→ **Task description**:
For this exercise, retype all the data exactly and exclude every image.

→ **Available data**:
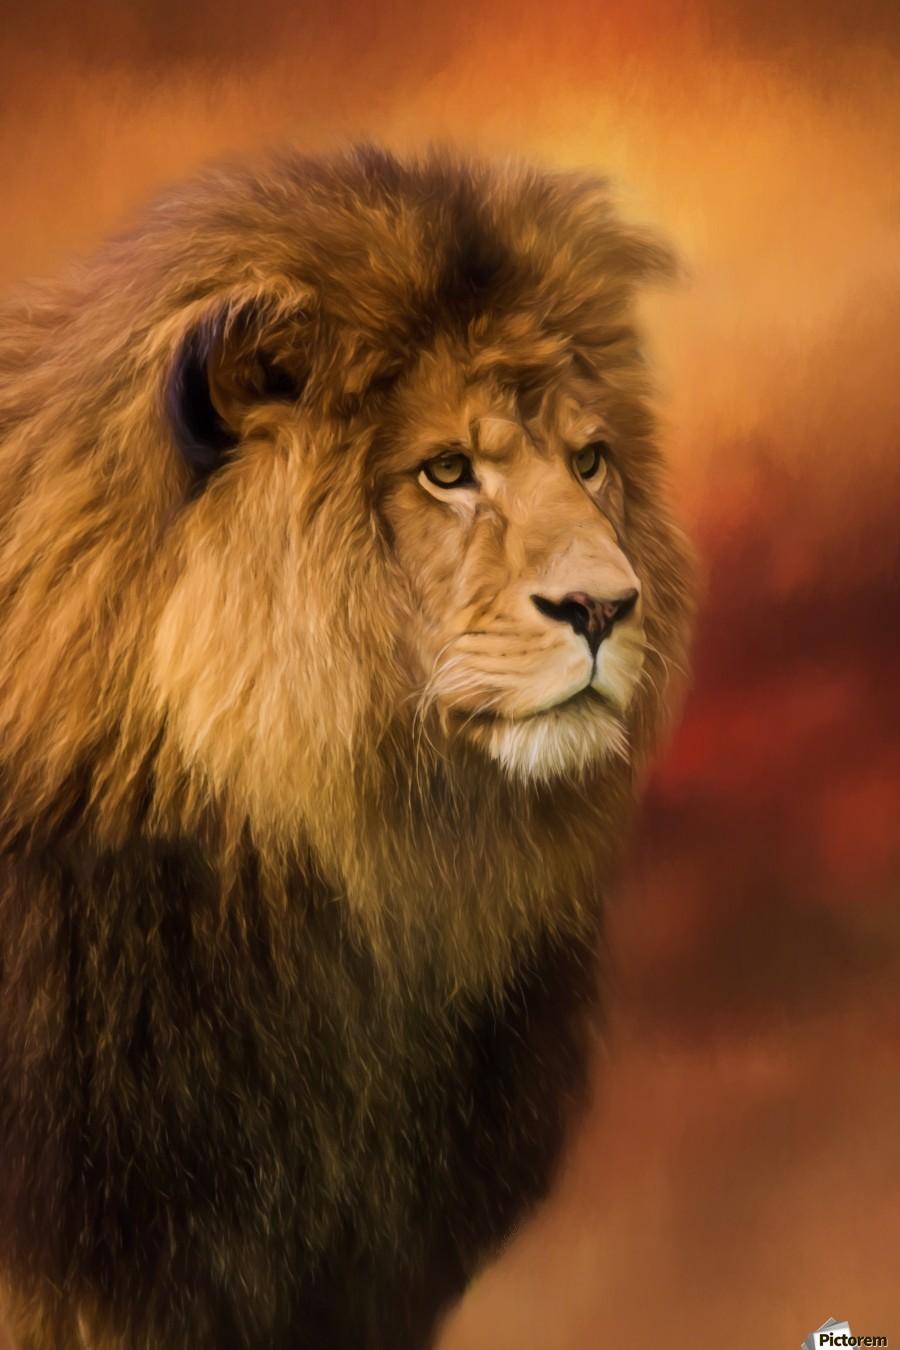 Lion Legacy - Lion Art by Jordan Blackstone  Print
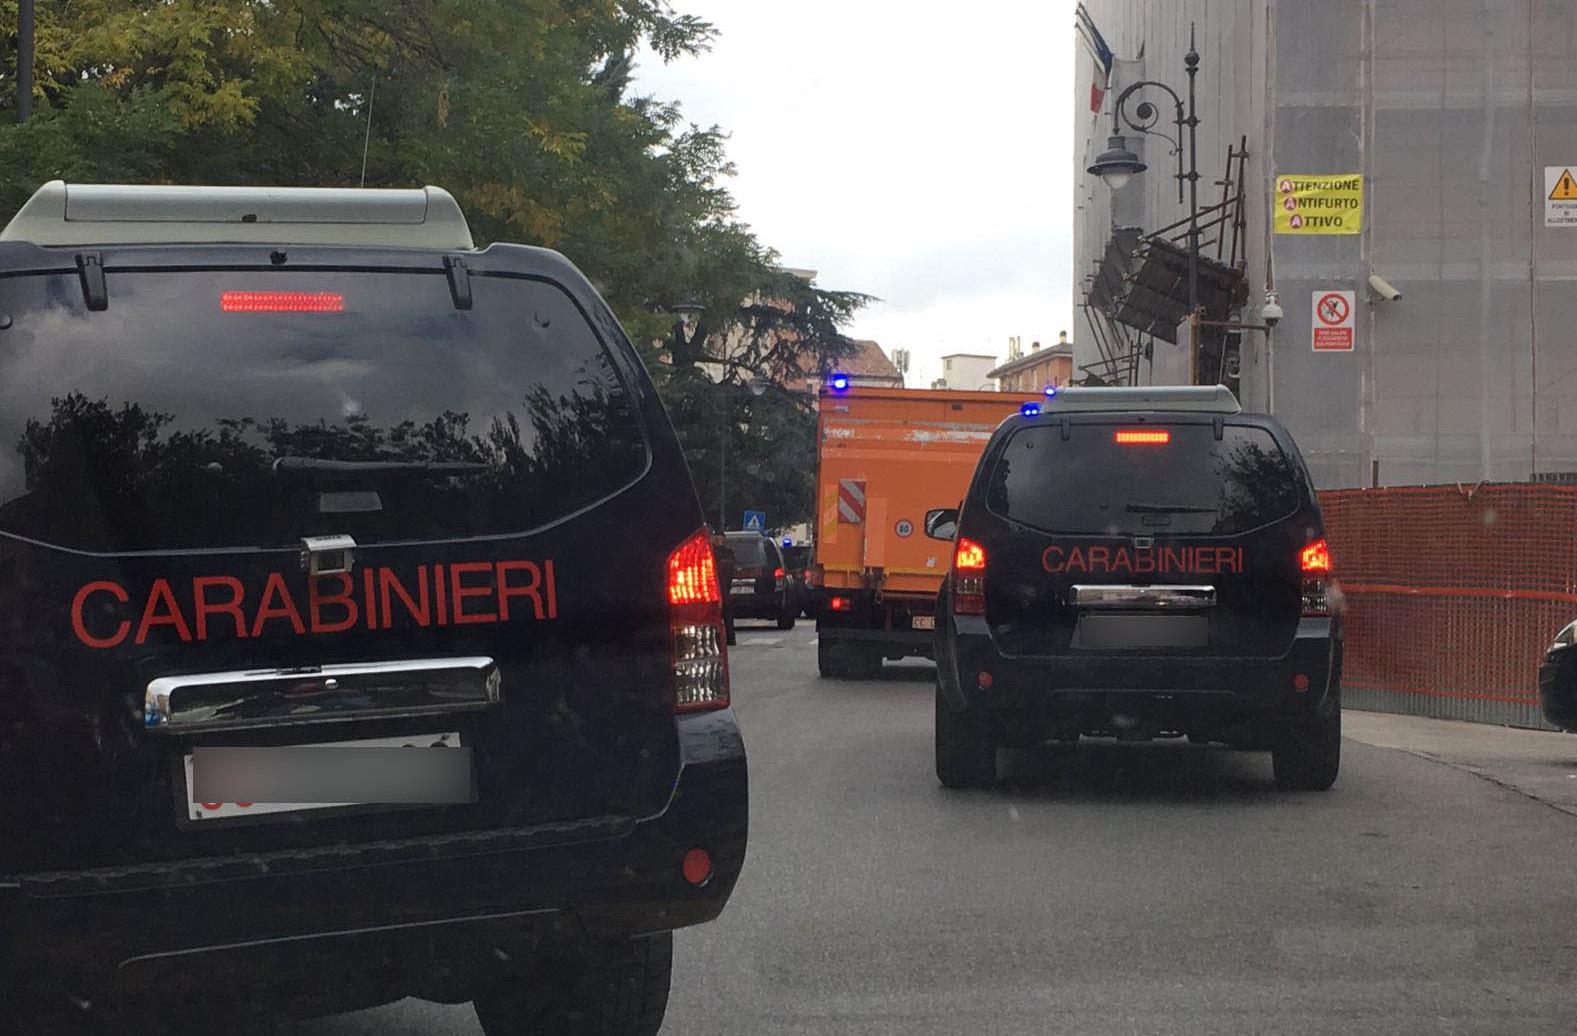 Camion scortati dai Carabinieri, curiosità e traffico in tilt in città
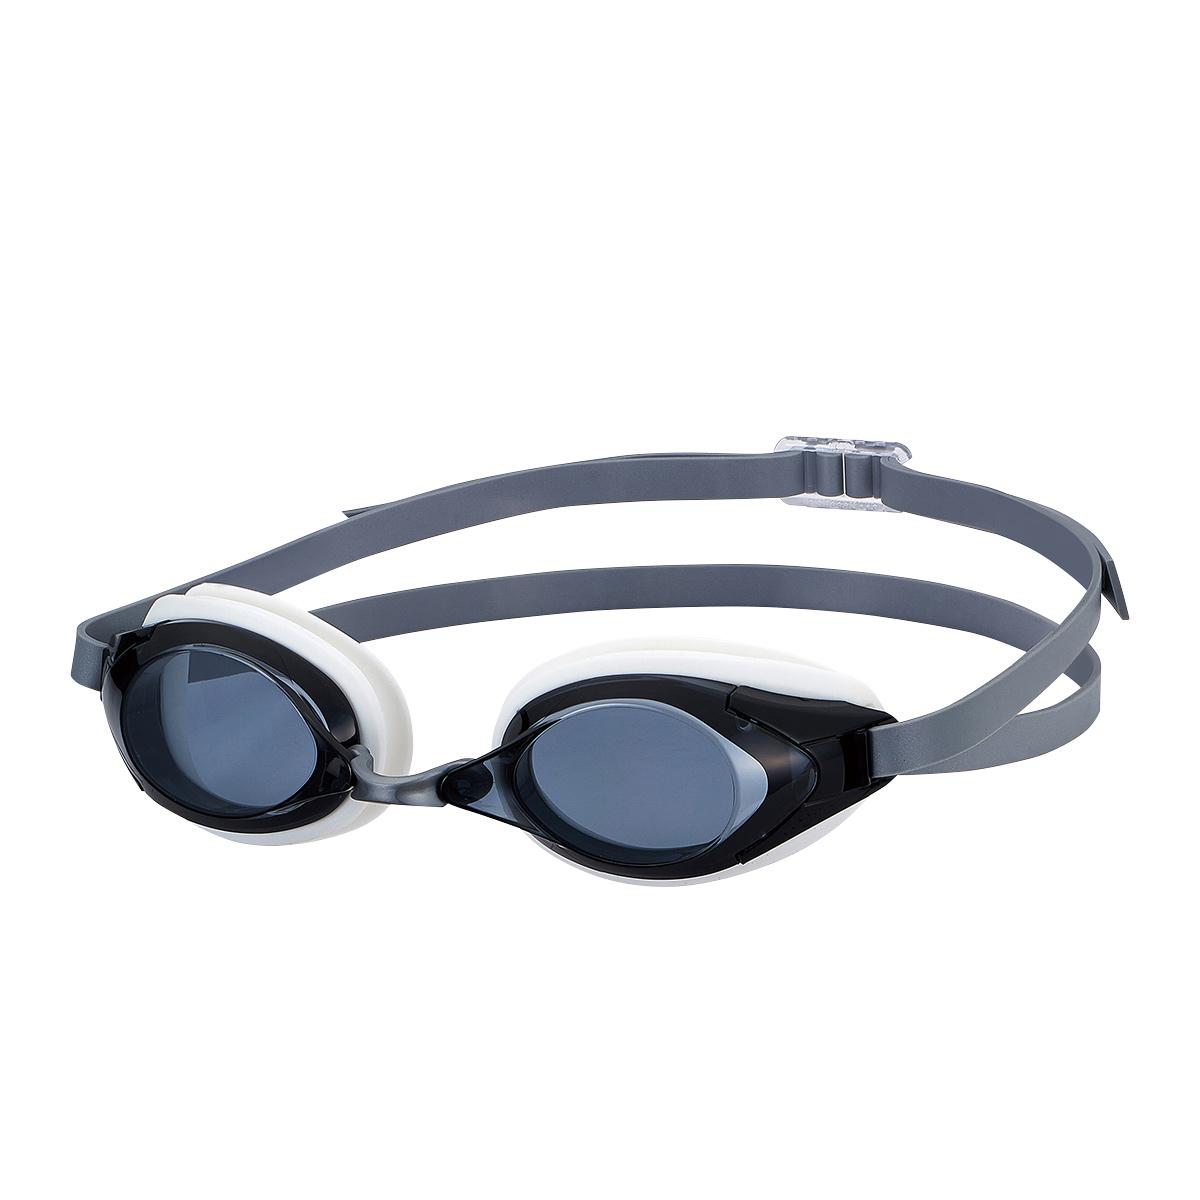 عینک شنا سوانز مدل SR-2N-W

→ **Finished task**:
 Lion Legacy - Lion Art by Jordan Blackstone  Print
 Camion scortati dai Carabinieri, curiosità e traffico in tilt in città
 عینک شنا سوانز مدل SR-2N-W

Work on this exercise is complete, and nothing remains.